For those of you who have never heard of it, Louise Hay believes that we can heal our bodies and when our bodies are manifesting dis-ease, then we need to look at what is happening in our lives and our thinking. As she (and I) believe, this is what is creating the suffering. This book is like my go-to, I always reference it when something is going on. In the book (and app) she lists numerous ailments alphabetically, everything from abdominal cramps to yeast infections and, under each problem, she lists the probable cause of the ailment and then a new thought pattern to adopt to help fix the problem.

I consulted my app and looked up earache and the probable cause was “Anger. Not wanting to hear. Too much turmoil. Parents arguing.” I thought about it and that didn’t really fit for me, so I continued searching.

I looked up jaw problems and again it said “Anger. Resentment. Desire for revenge.” Again, I reflected on this and checked in with myself, no this didn’t fit either. I continued to look. I next looked up Teeth and it said, “Represent decisions”, I thought ‘ok this could be’, but still didn’t totally feel quite right. I looked deeper into teeth I started scrolling and root canal popped into my head. To be honest, at this point I was not even sure what a root canal was but it was in the list, so I looked at it. I read “Probable cause – Can’t bite into anything anymore. Root beliefs being destroyed.” YUP! I thought “This could be it!” I have spent the last year or so working on some pretty core beliefs and I was feeling like I had gotten a handle on them. I was practicing awareness and was counteracting these limiting negative beliefs when they would arise. It felt like these beliefs were finally letting go. They were still showing up occasionally, but not nearly as often, and very rarely were they slipping under the radar causing an onslaught of negative self-talk. When I read “root beliefs being destroyed”, I thought this is exactly what I have been working towards. I eagerly awaited my dentist appointment, feeling sure that she was going to say I needed a root canal.

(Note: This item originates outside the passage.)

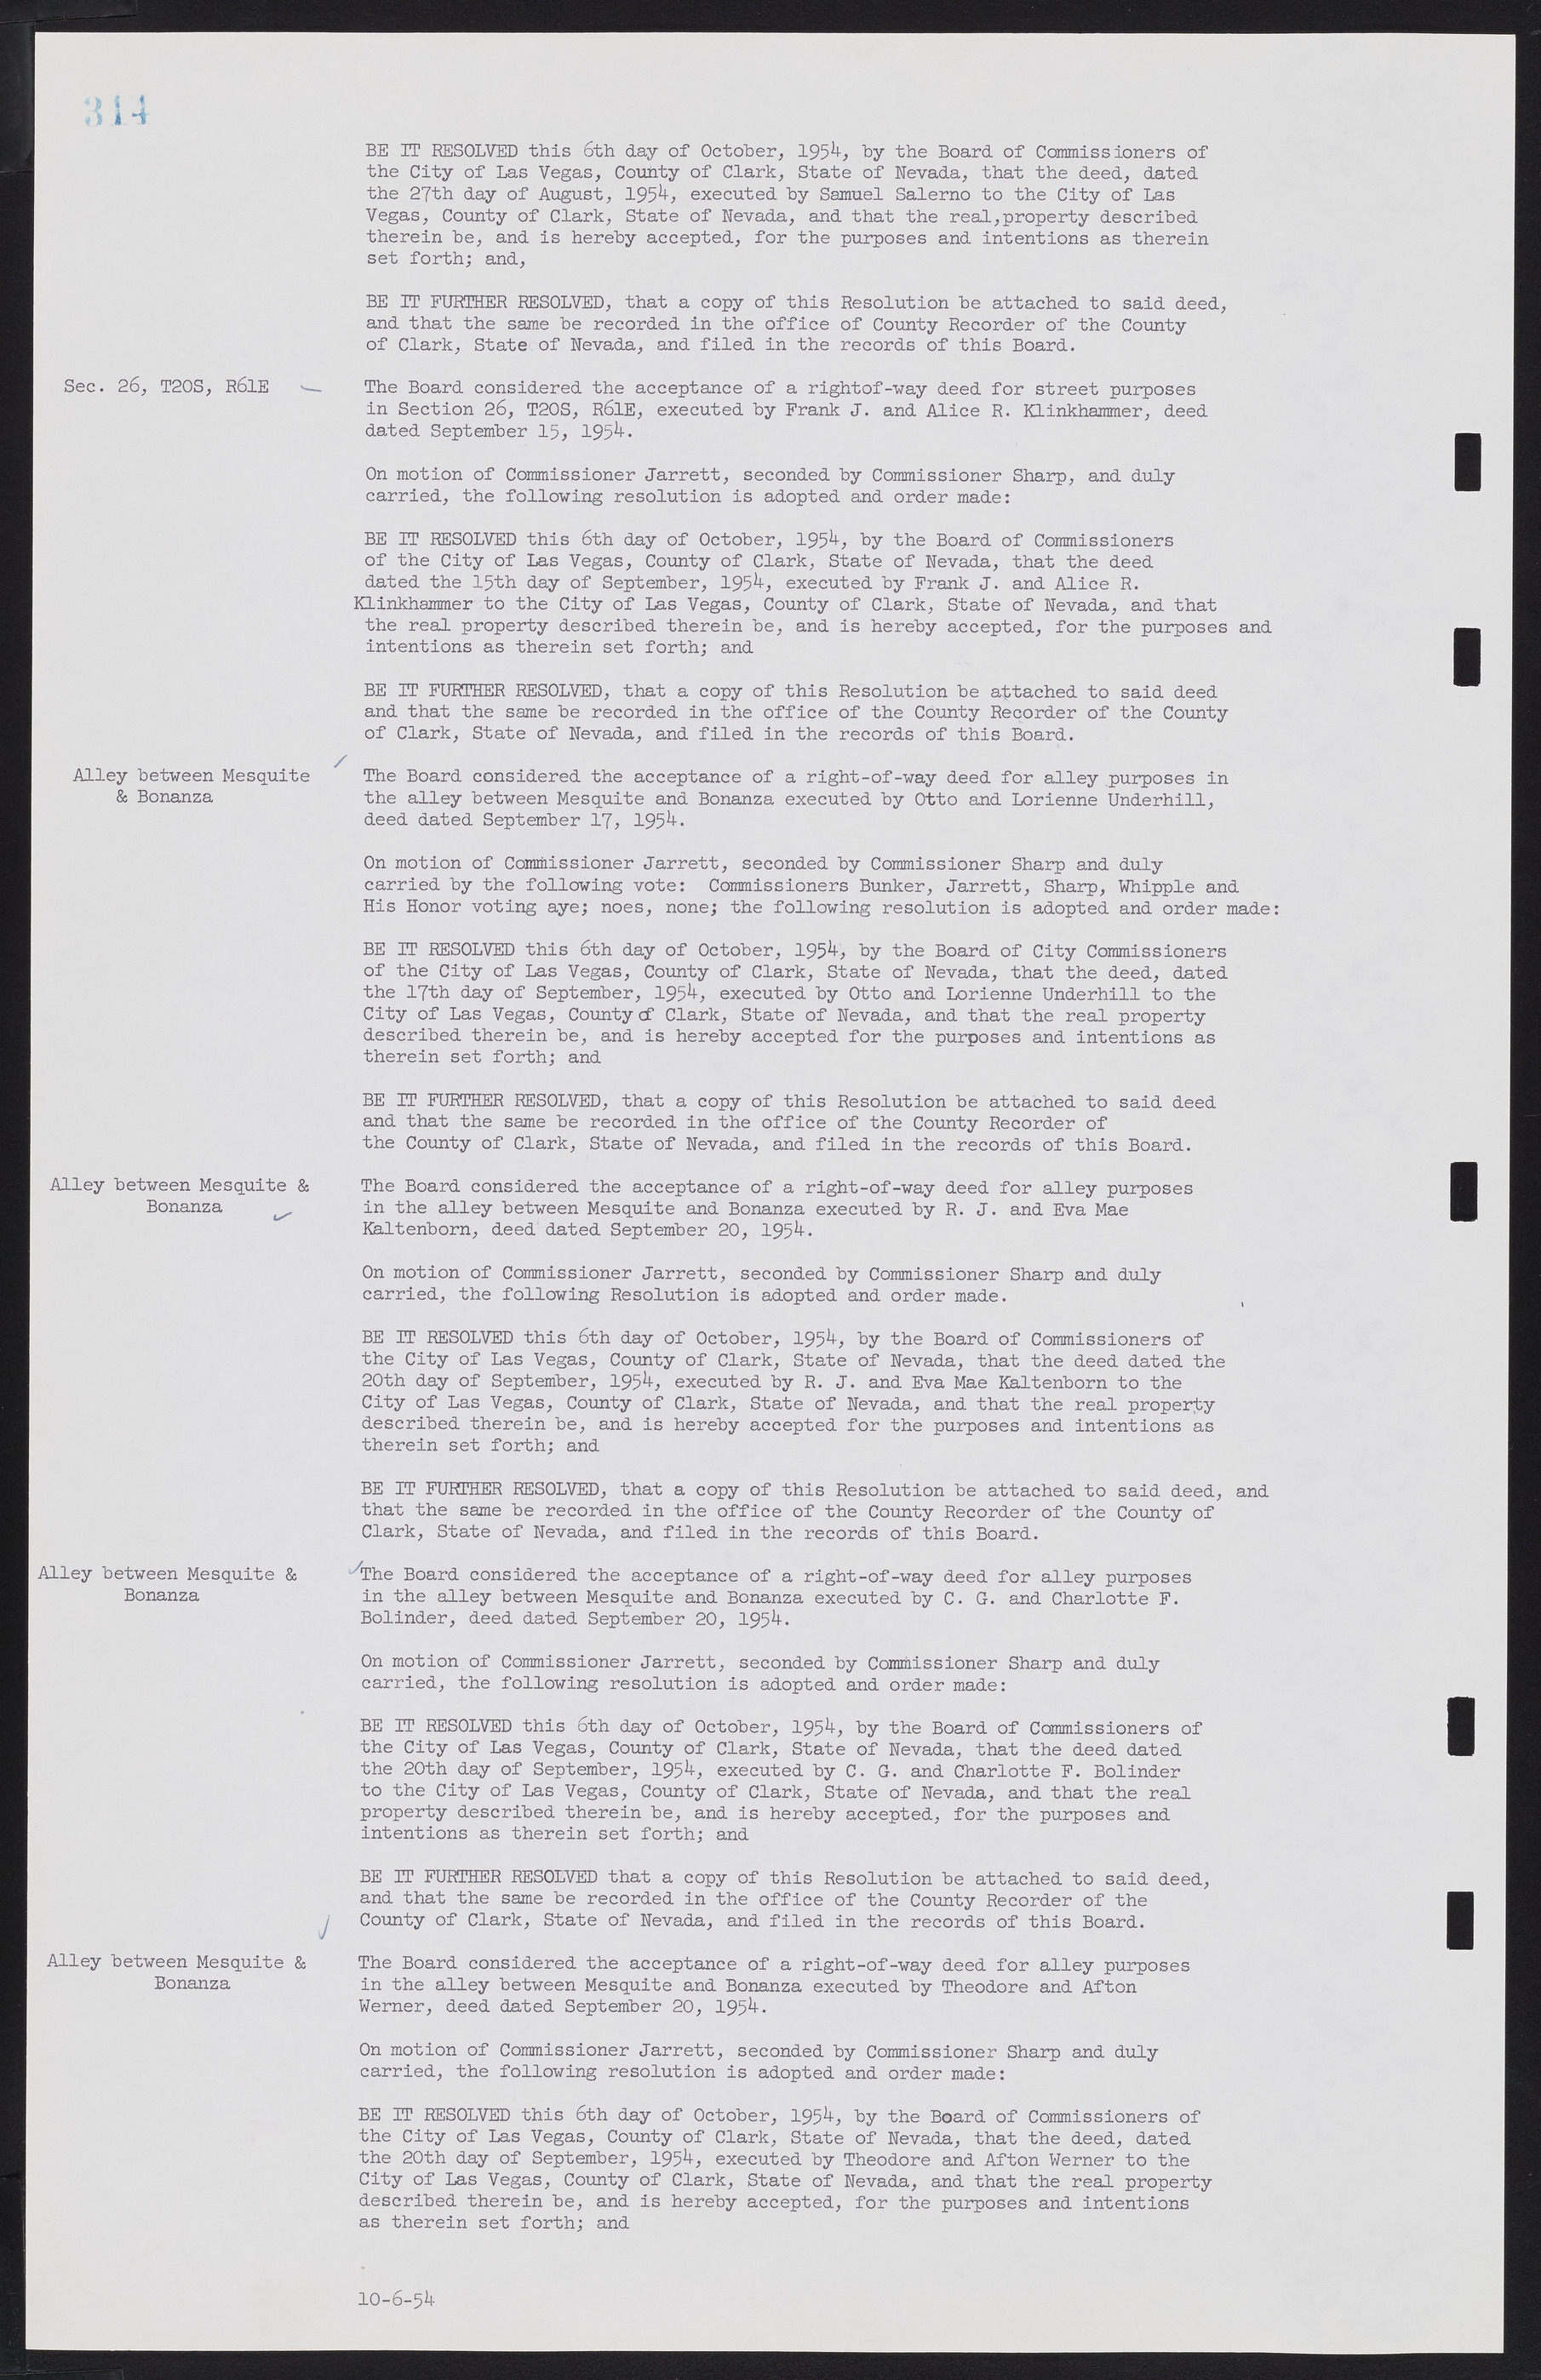 Las Vegas City Commission Minutes, February 17, 1954 to September 21, 1955, lvc000009-320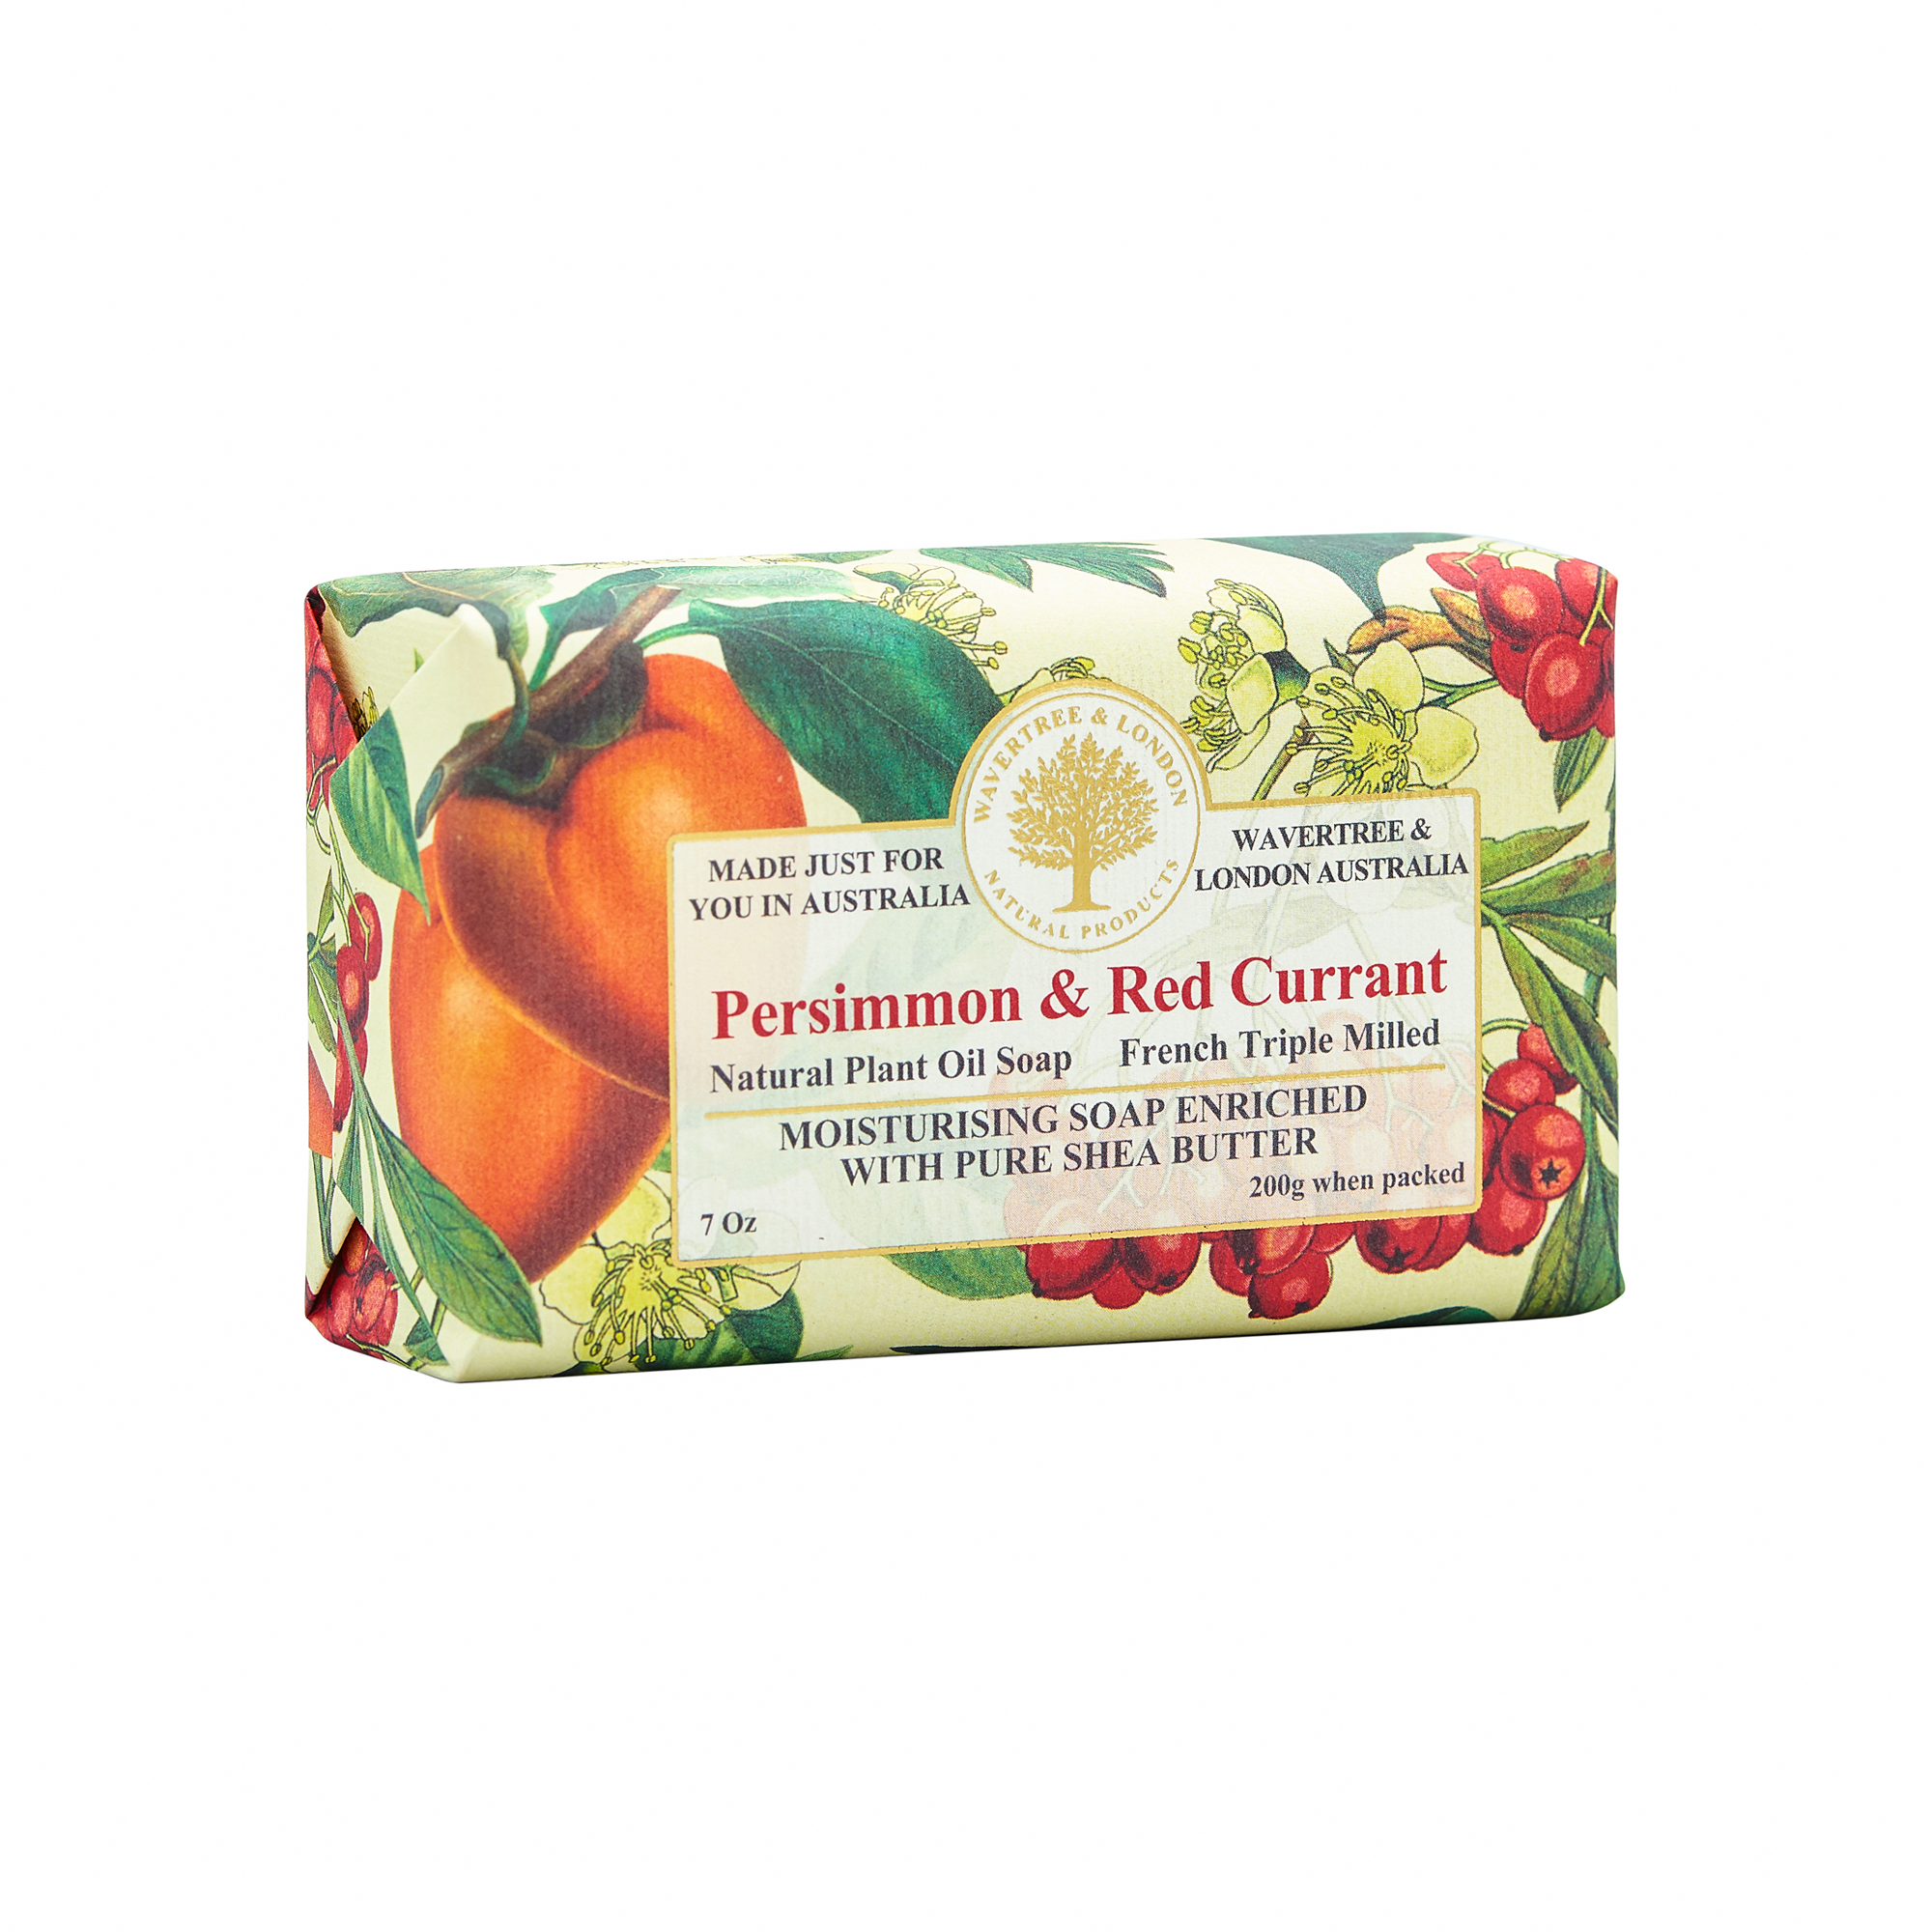 Persimmon & Red Currant Soap Bar carton 8x200g

As I sat in the dentist chair they did x-rays and the dentist walked in and said, “You clearly have an abscess, I could tell from across the room.” Ok, one mystery solved, that’s why the pain. She looked in my mouth and at the x-ray and quickly determined I needed…wait for it… a root canal! I couldn’t help but chuckle. YUP! I needed these root beliefs to be removed completely once and for all! The prospect of physically getting these infected dead “roots” removed was exciting. I felt like I had done the work of removing them from influencing my life and this was the last step to actually physically remove them. To me that was great news, not to mention an end to the pain, both literally and physically that these “roots” were causing!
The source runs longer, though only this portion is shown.